The Mistakes That Make me Hate my Writing

Source: Pexels

As writers, we’re all our own biggest critics, right? Sure, there must be some of us out there with bulletproof self-esteem who can read a first draft, nod and go “yep, that’s gold”, but I’ve never met them.

No, instead we look at our first drafts and weep for the writers we wish we were.

I’m one of those writers who hate their first drafts (and second, and third, if I’m honest) because I make silly, avoidable mistakes. Maybe you do too. Mistakes like…

Typos

I hate typos. They crop up in my initial drafts far more than I’d like. If I’m writing on my phone (not something I like to do, but will in a pinch) then autocorrect is often the culprit. If on my laptop, it’s a simple slip of the fingers.

It happens, and I shouldn’t really beat myself up.

But what about if those typos get missed on my first read through, or second, or third? It happens. One of my articles even had a glaring typo in the actual title that I didn’t spot until post-publication. The reason is simple; when I’m reading my work, I read the words I think I wrote — not what’s there on the page.

If you have the same problem, the solution is even simpler: get someone else to check it before you do anything else. They don’t have the perfect prose in their head — they will see what you have actually written, like “he” instead of “the”.

The Story was Ruined by the Passive Voice

Ah, the passive voice, scourge of writers everywhere. Read any article or book about writing advice and I guarantee the passive voice will feature — and it should.

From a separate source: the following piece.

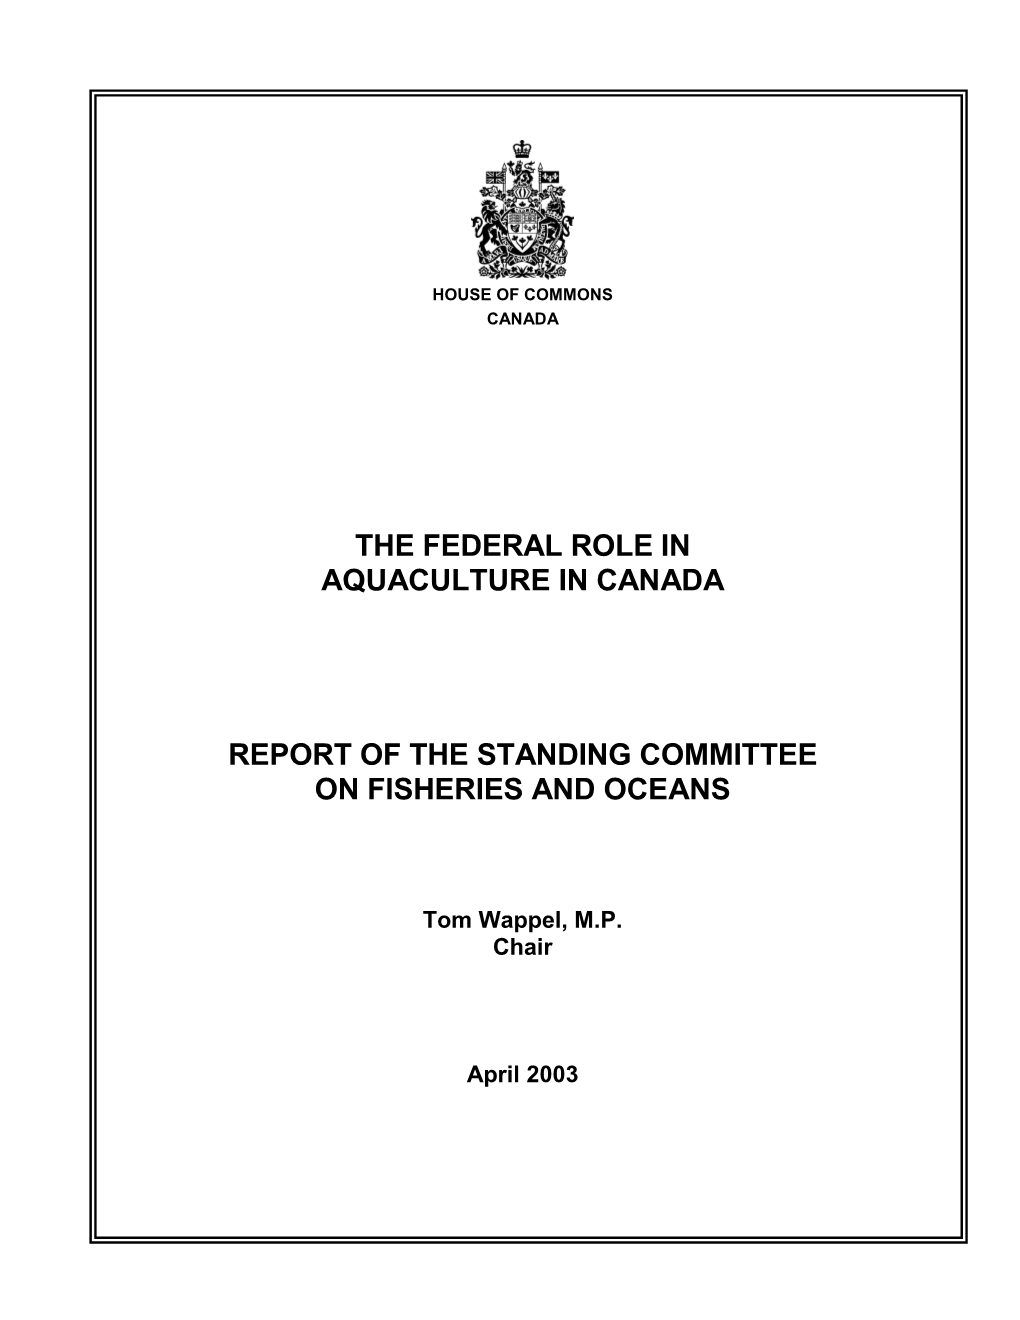 The Federal Role in Aquaculture in Canada
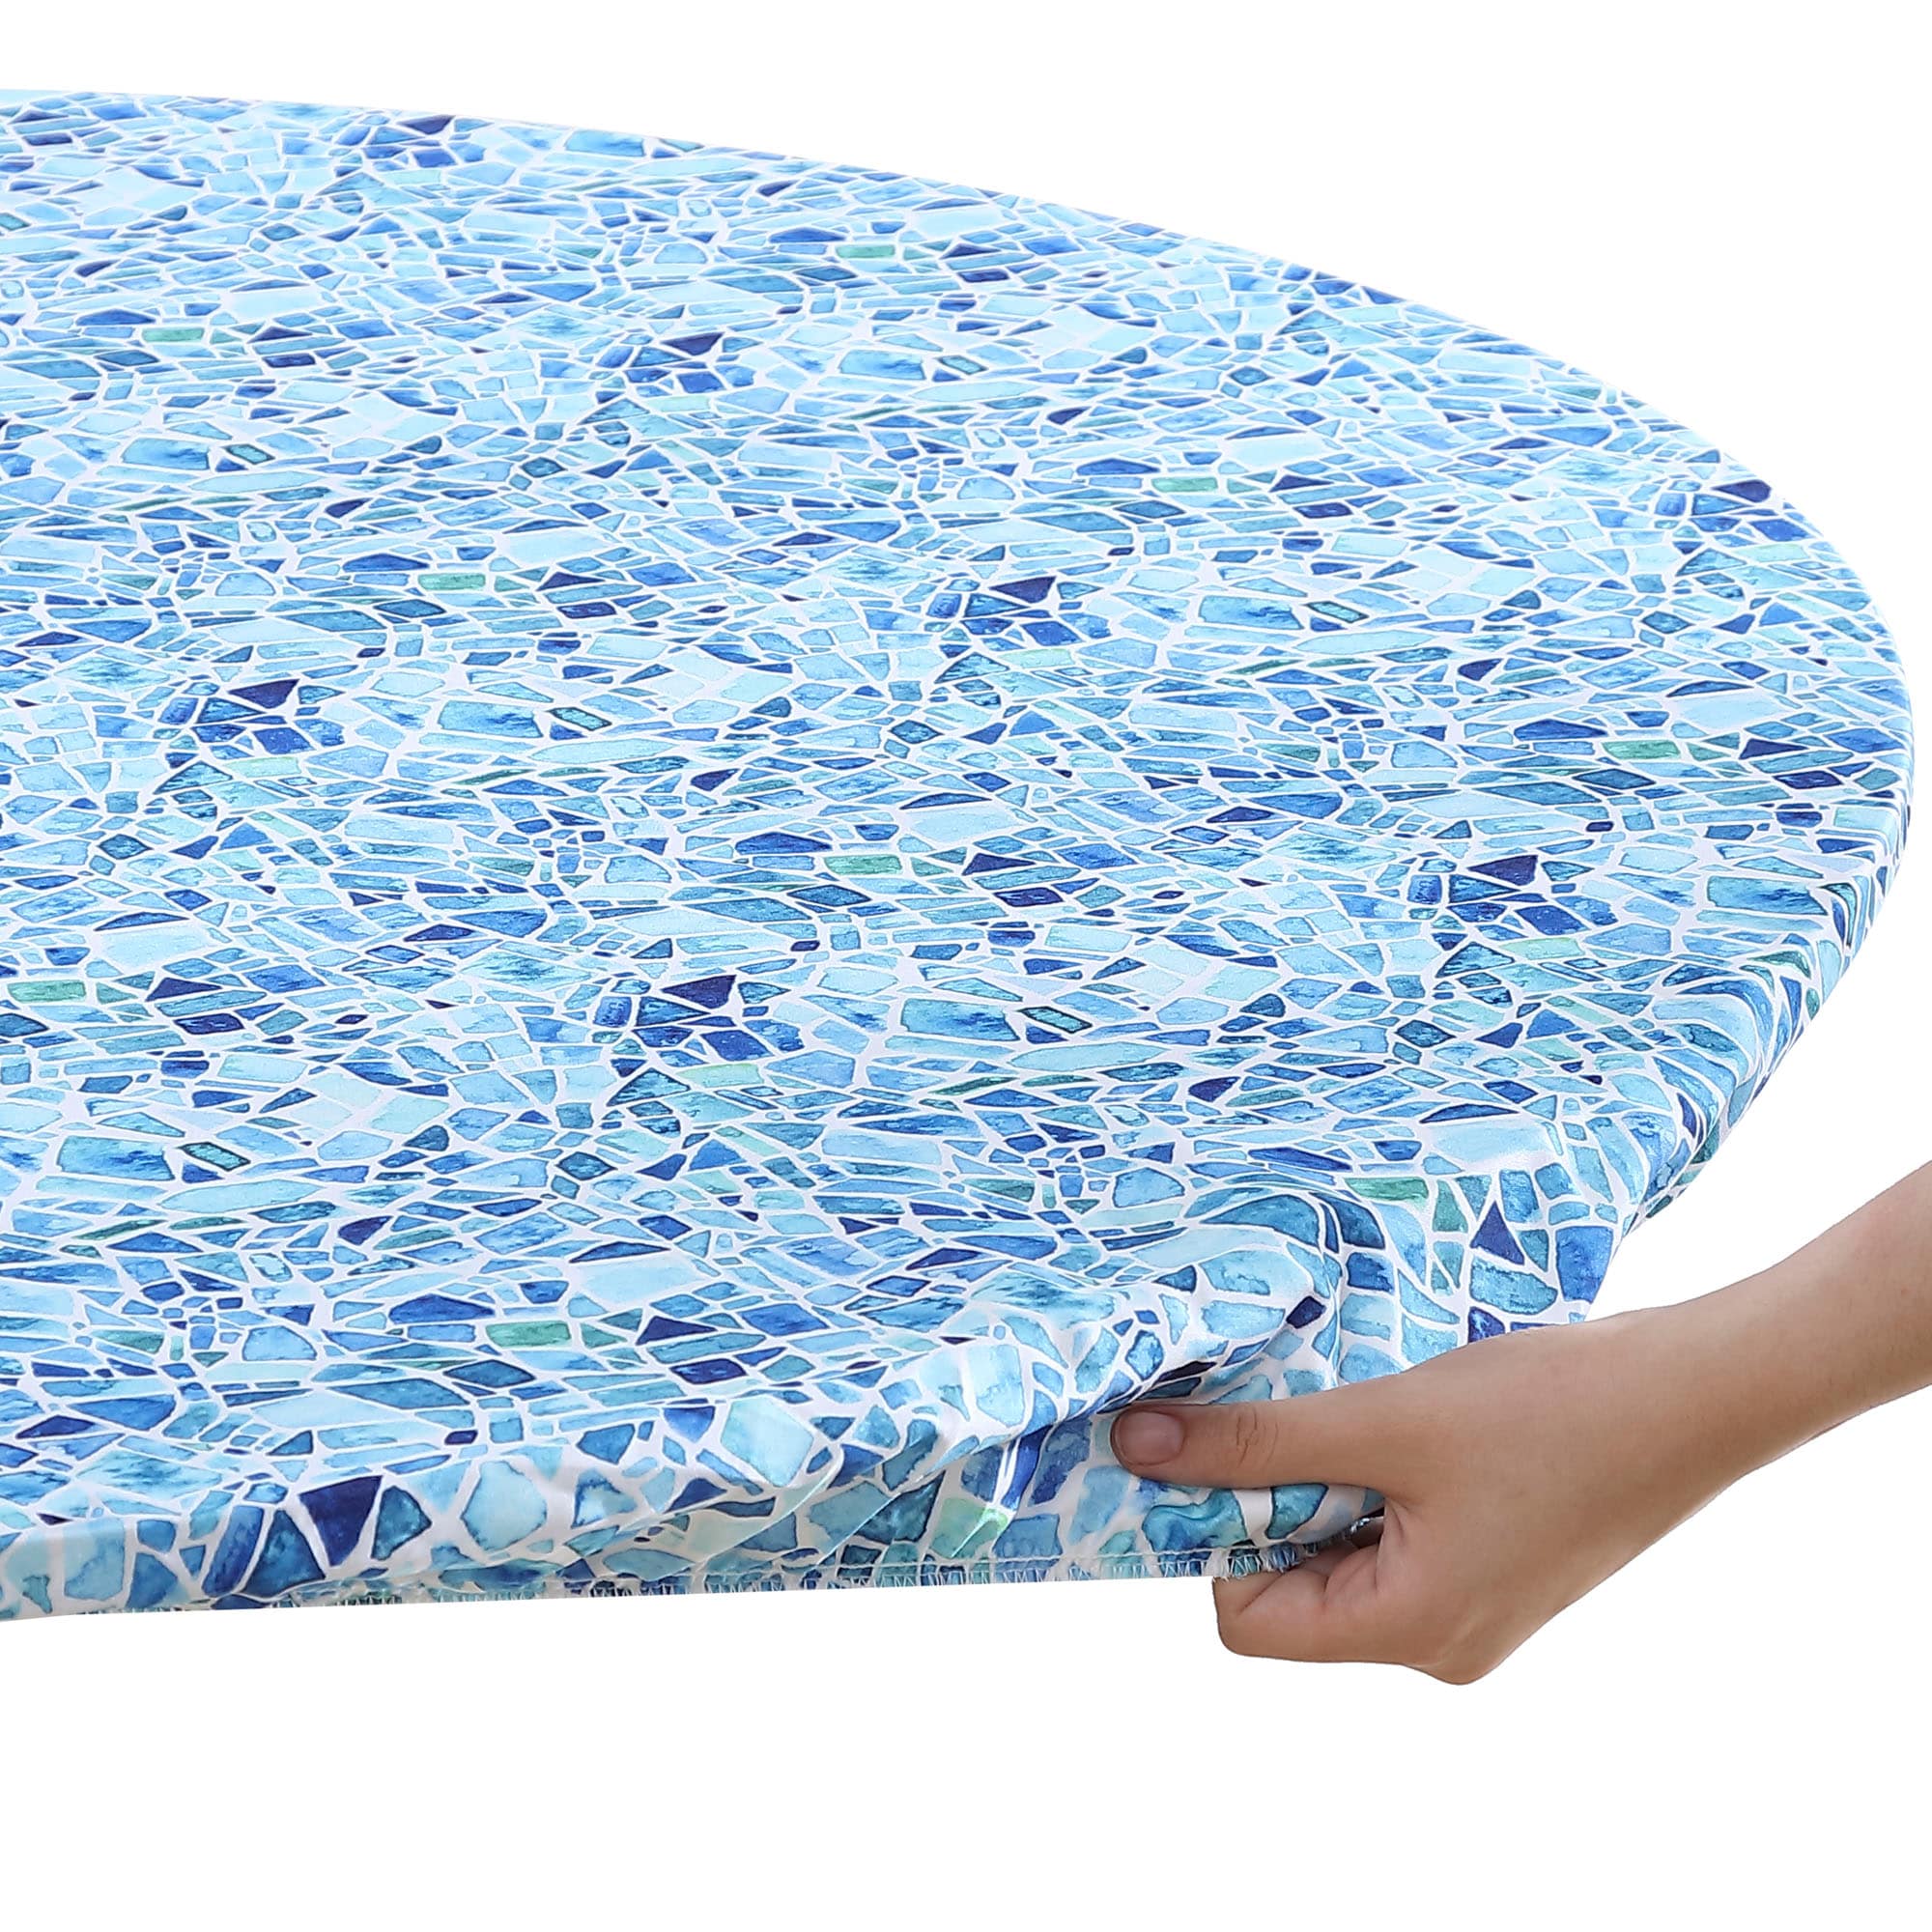 Details about   Mosaic Fitted Round Table Cover Indoor/Outdoor Decorative Stretch Cover NEW

Passive voice slows things down, makes action less direct, takes the reader away from what’s going on — and, shamefully, it crops up all the damn time in my first drafts.

Luckily, it’s an easy fix. Take the headline up there. It’s in the passive voice. To make it active, it’s simple, make the subject do the action: the passive voice ruined the story.

Tense Confusion

This happens less frequently, but I still see it every now and again and slap my forehead in frustration. If I’m writing a propulsive story in the present tense, I will sometimes — reflexively — slip back into the past tense. The correction is simple, in that all I need to do is amend the tense, but depending on the length of the sentence (and how many sentences I was living in the past for!) it can be a labourious job.

One thing I’ve found that can help with this is to read aloud as I go. Not always an option if I’m writing somewhere public, but if I can do it I can catch tense switches early — which makes for an easier fix.

Those are the main mistakes I hate in my writing. What are yours?